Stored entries
◇ ◇ ◇ ◇ ◇ ◇ ◇

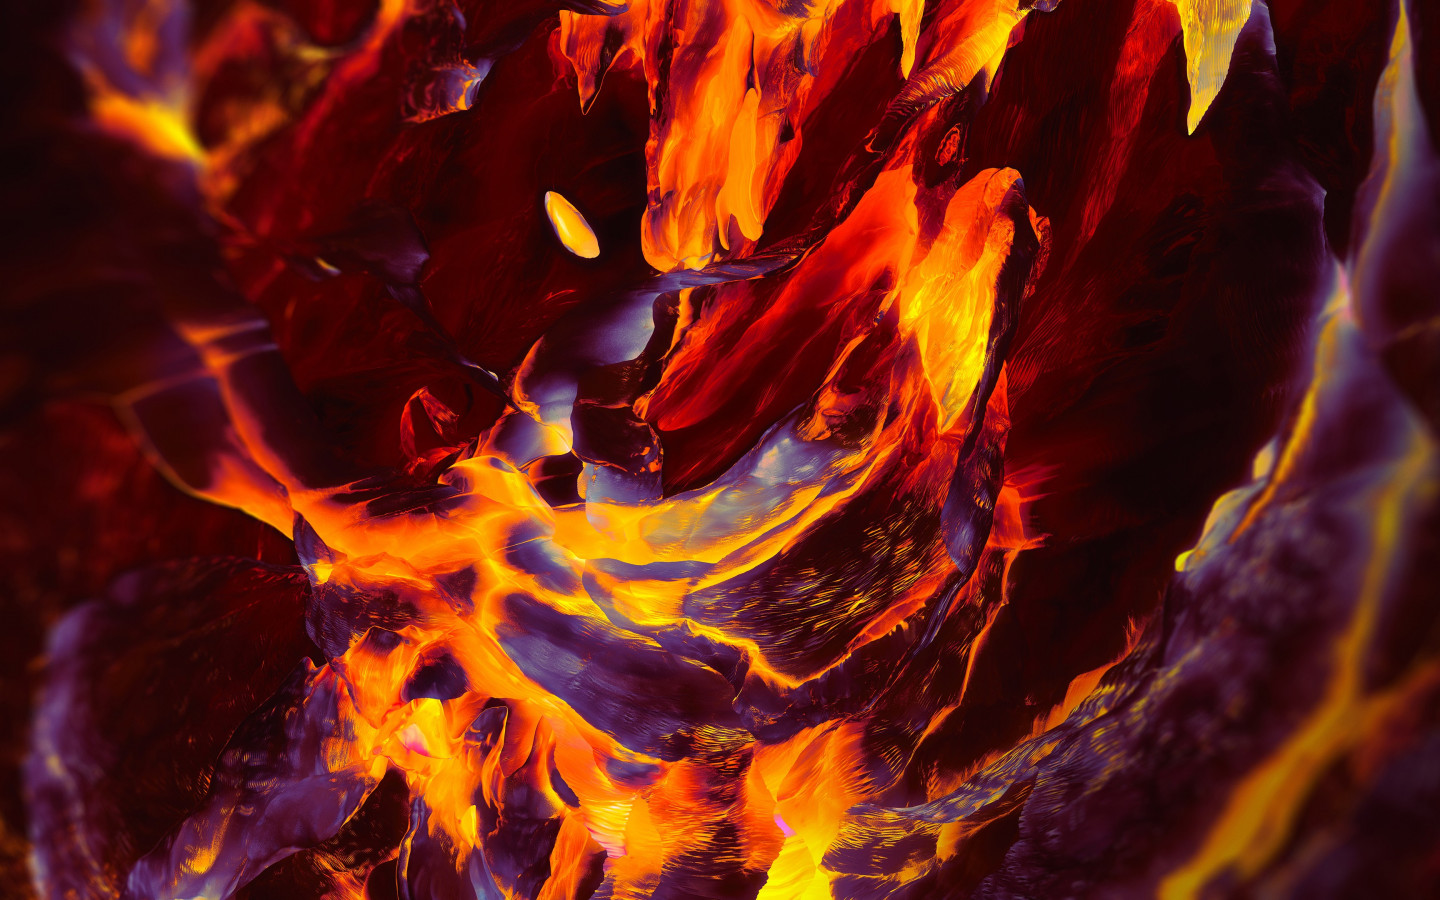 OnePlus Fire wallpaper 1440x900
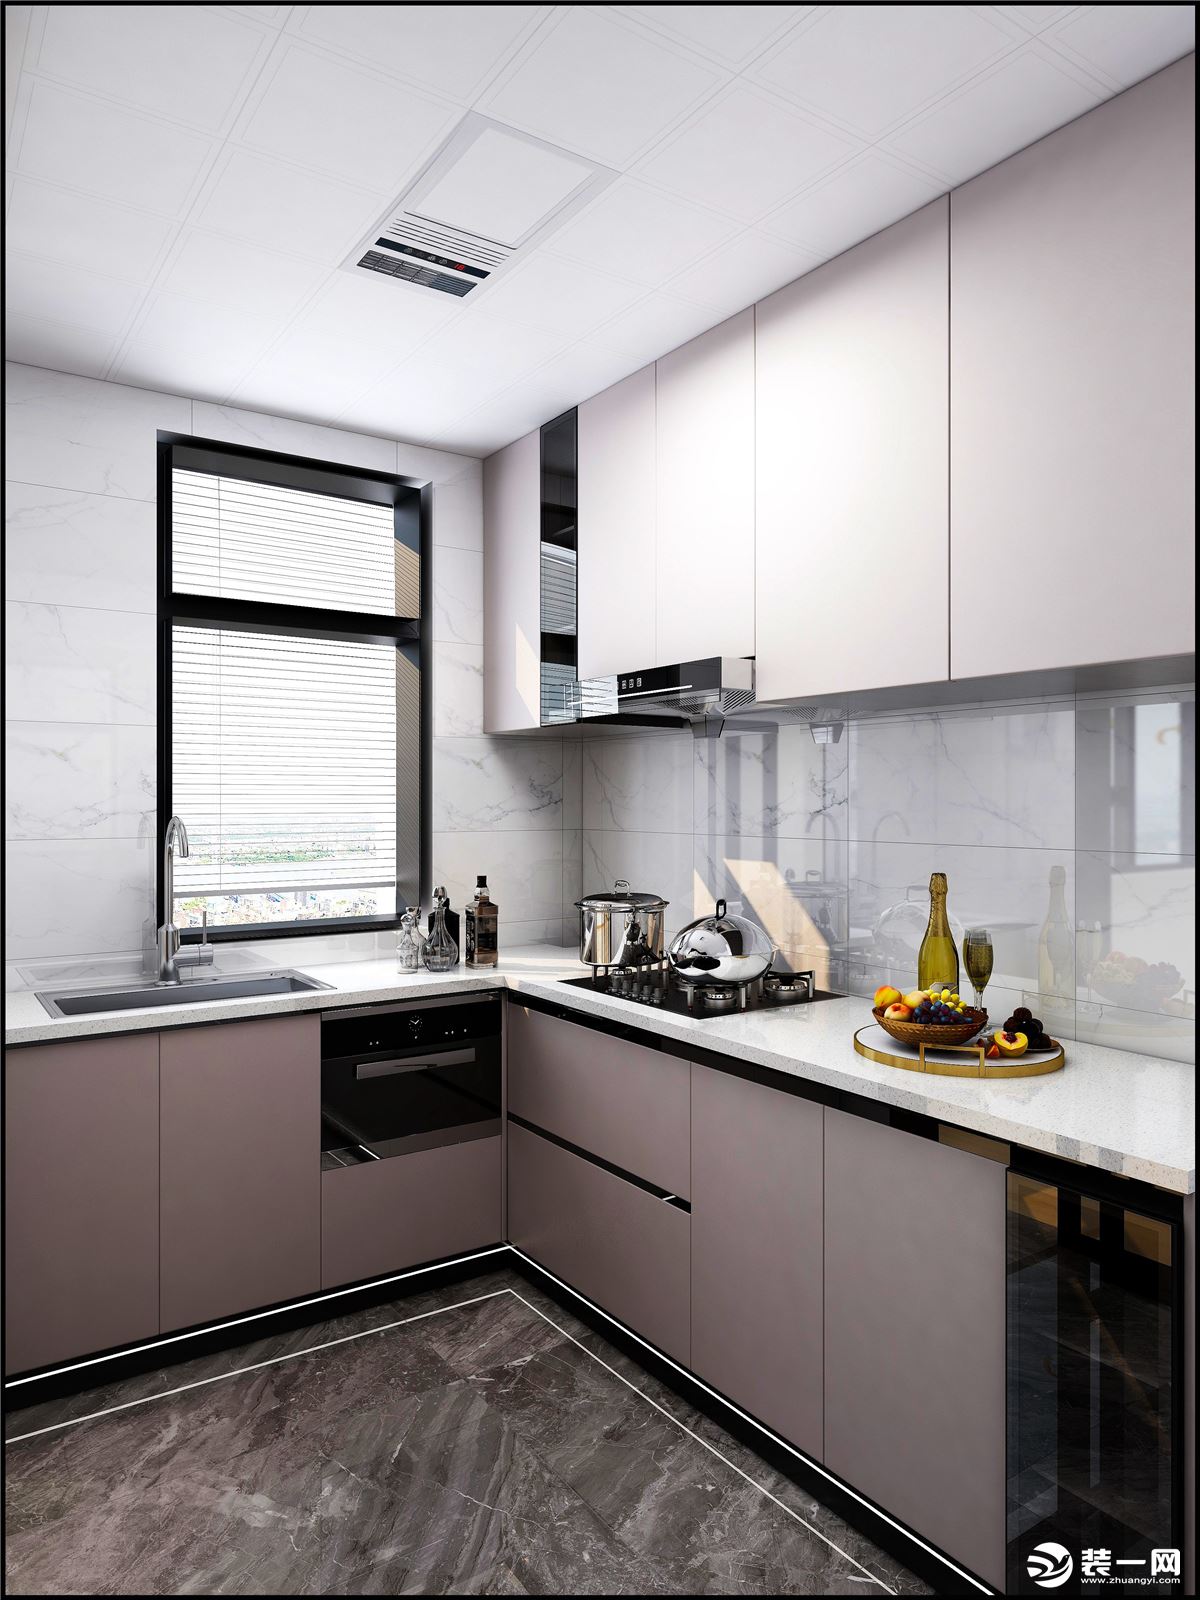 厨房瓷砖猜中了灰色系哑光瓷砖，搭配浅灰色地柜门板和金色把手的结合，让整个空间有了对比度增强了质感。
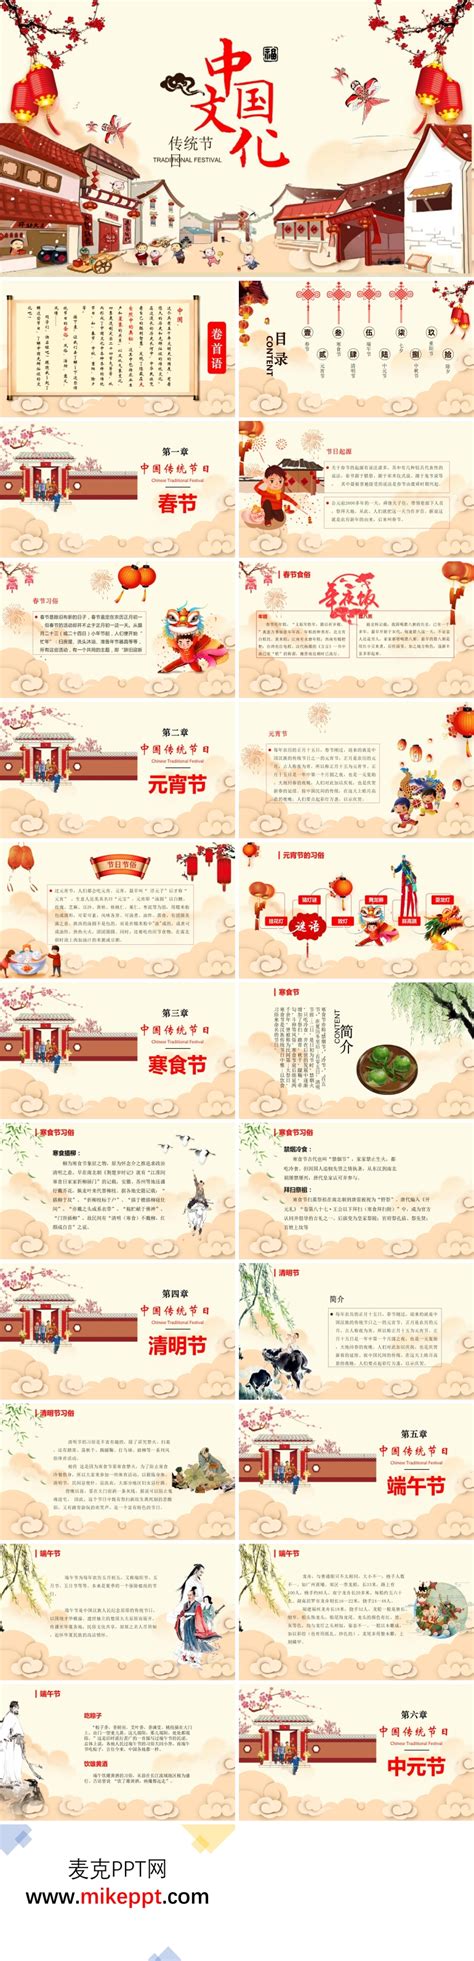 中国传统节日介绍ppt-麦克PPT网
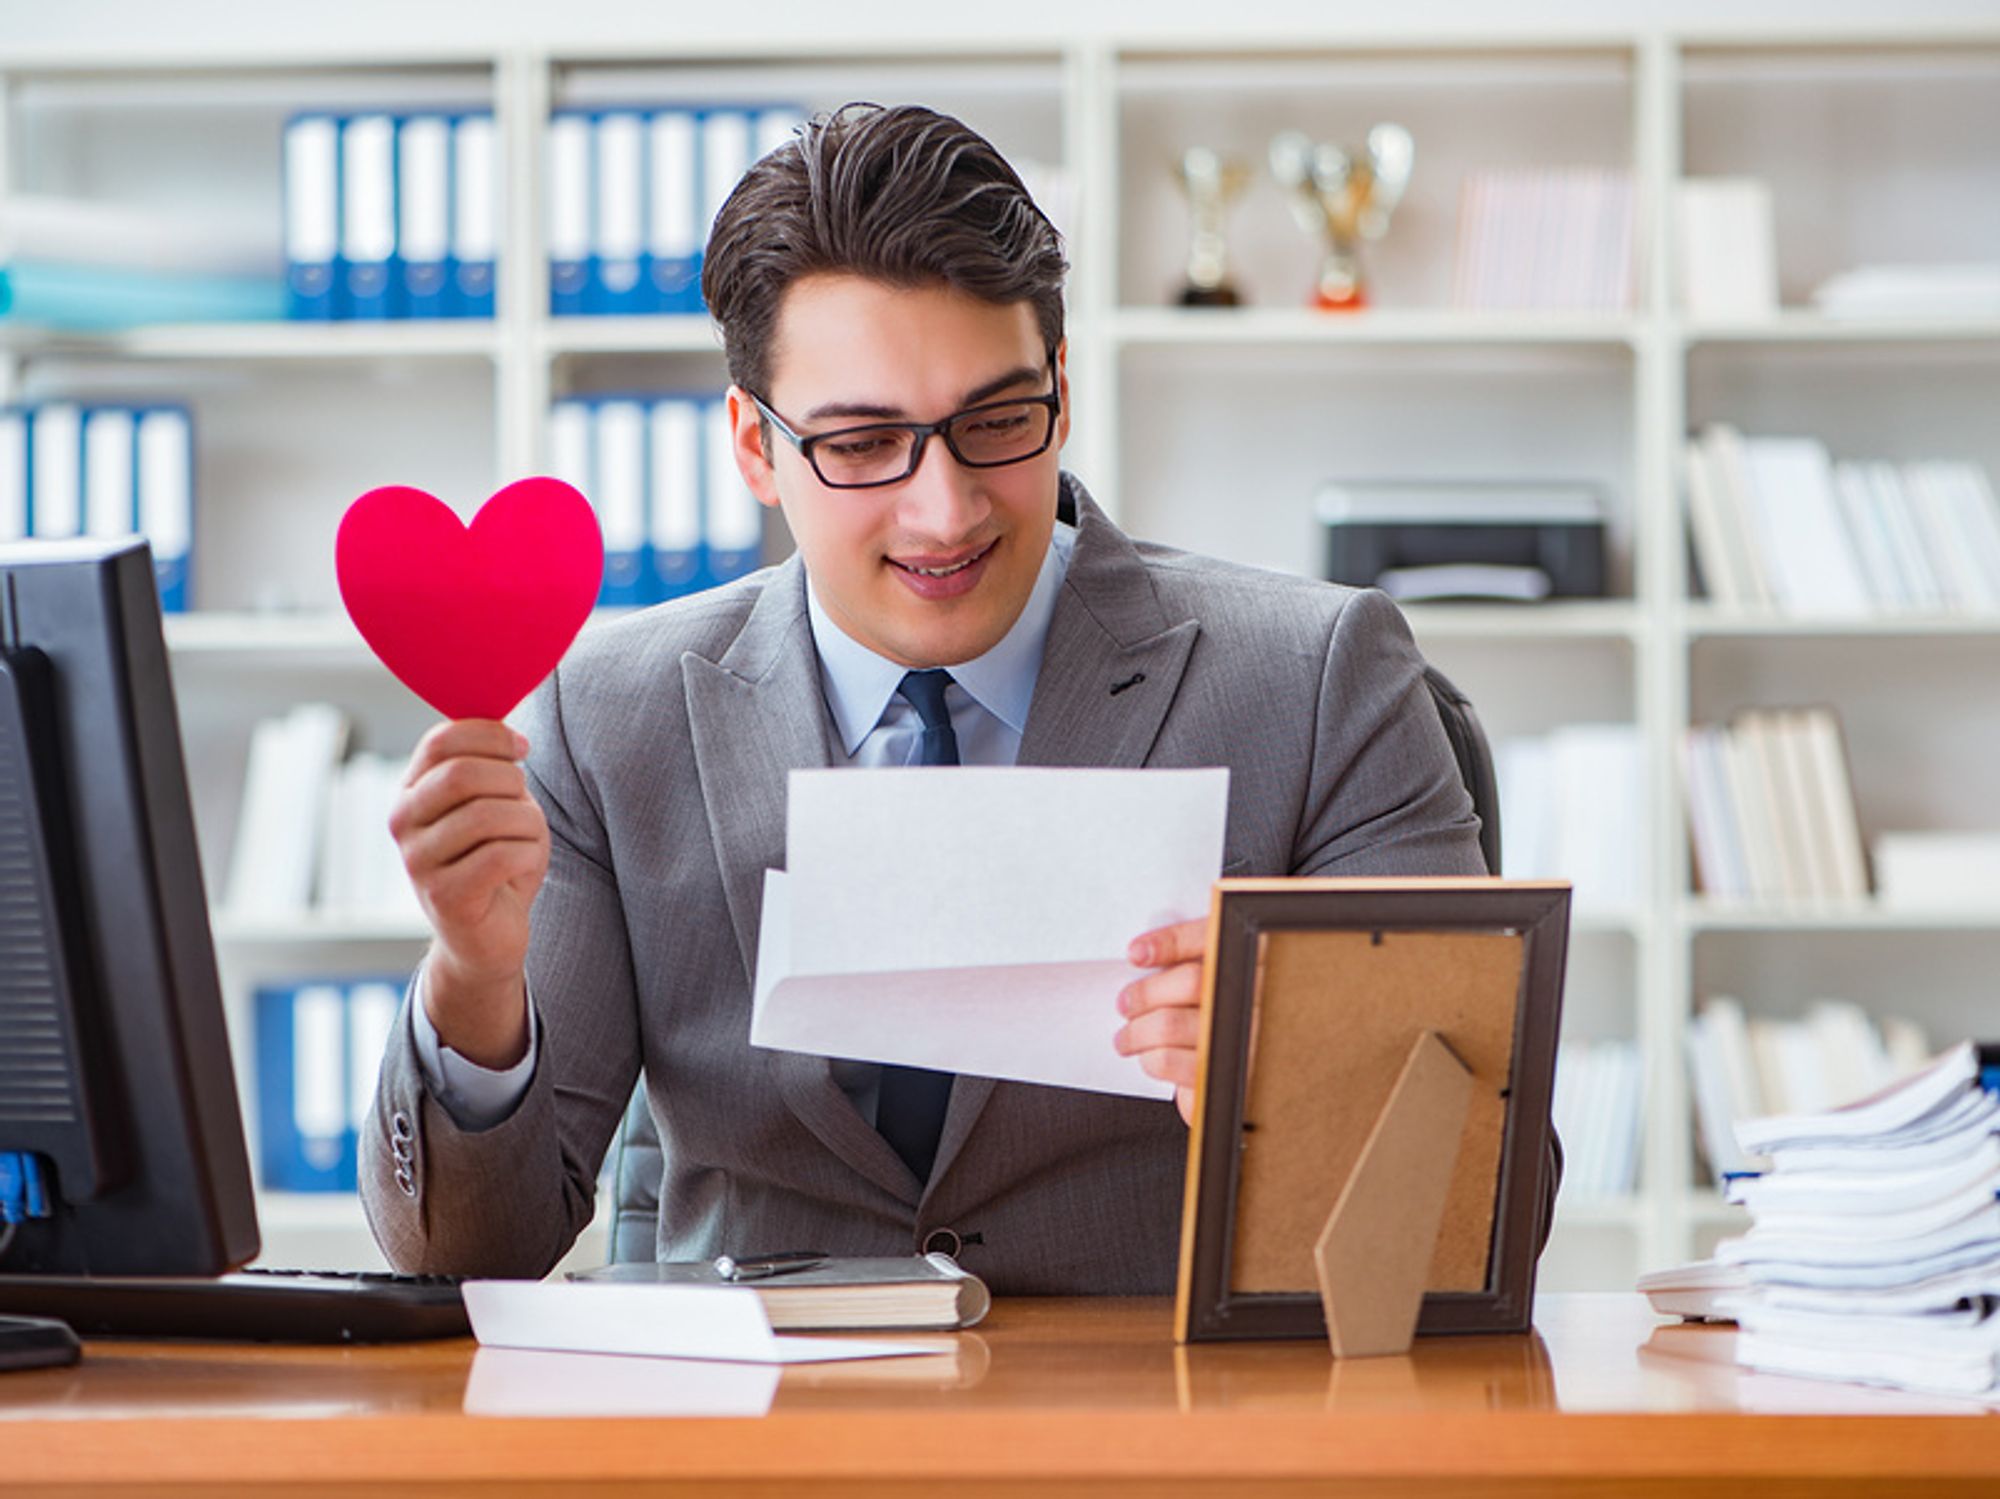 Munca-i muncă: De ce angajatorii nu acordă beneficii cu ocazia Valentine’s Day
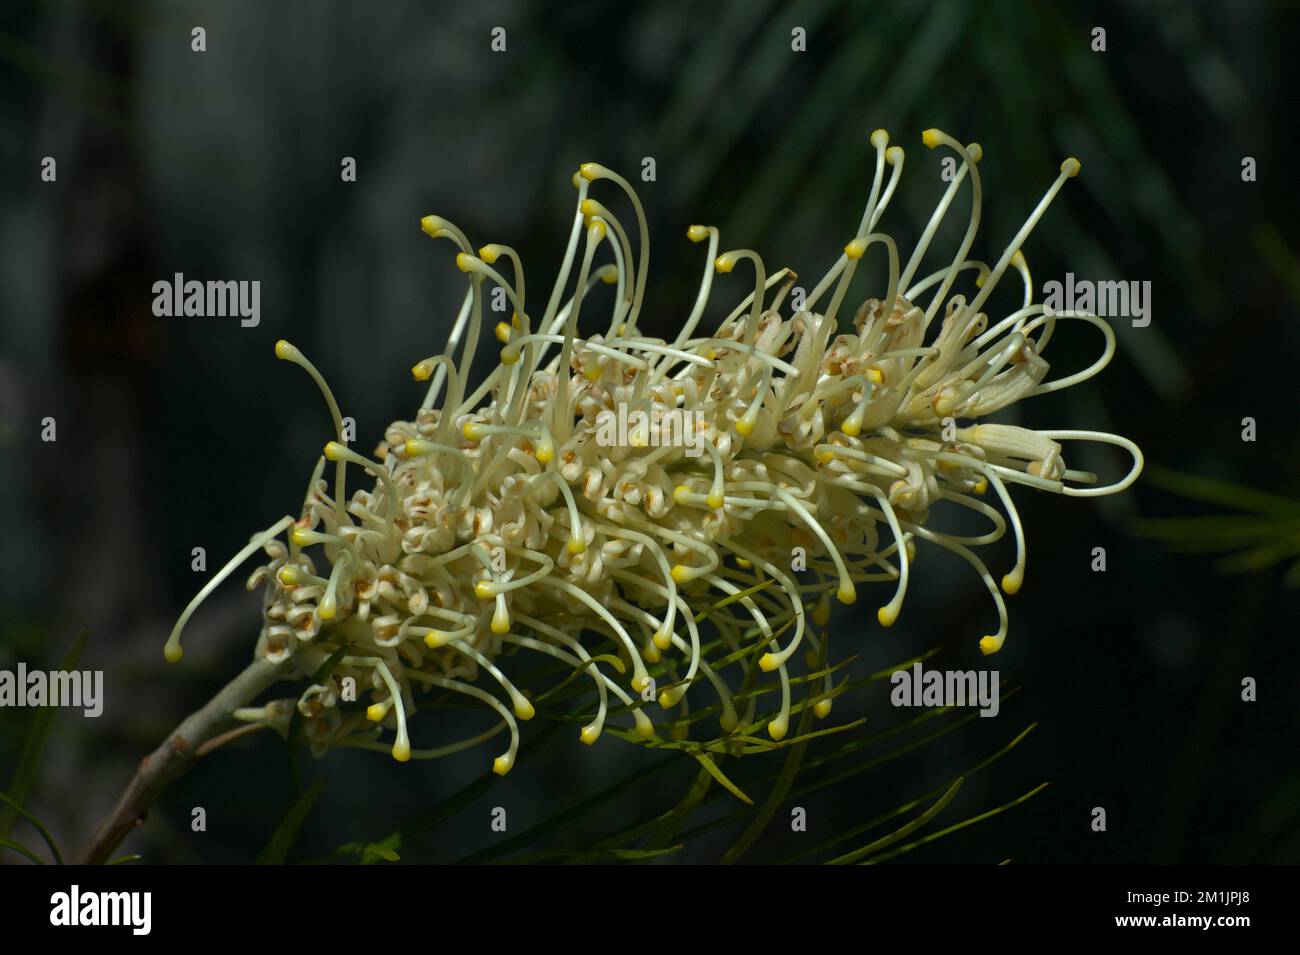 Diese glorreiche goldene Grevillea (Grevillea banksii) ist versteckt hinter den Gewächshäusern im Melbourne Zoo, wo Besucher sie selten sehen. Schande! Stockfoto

◇ ◇ ◇ ◇ ◇ ◇ ◇

* TASK TO CARRY OUT *
Starting at the line with "Munca-i muncă: De", reproduce exactly each line through the end of the entries, including the first and the last, and skip the pictures.

* RESULT OF THE EXERCISE *
 Munca-i muncă: De ce angajatorii nu acordă beneficii cu ocazia Valentine’s Day
 Diese glorreiche goldene Grevillea (Grevillea banksii) ist versteckt hinter den Gewächshäusern im Melbourne Zoo, wo Besucher sie selten sehen. Schande! Stockfoto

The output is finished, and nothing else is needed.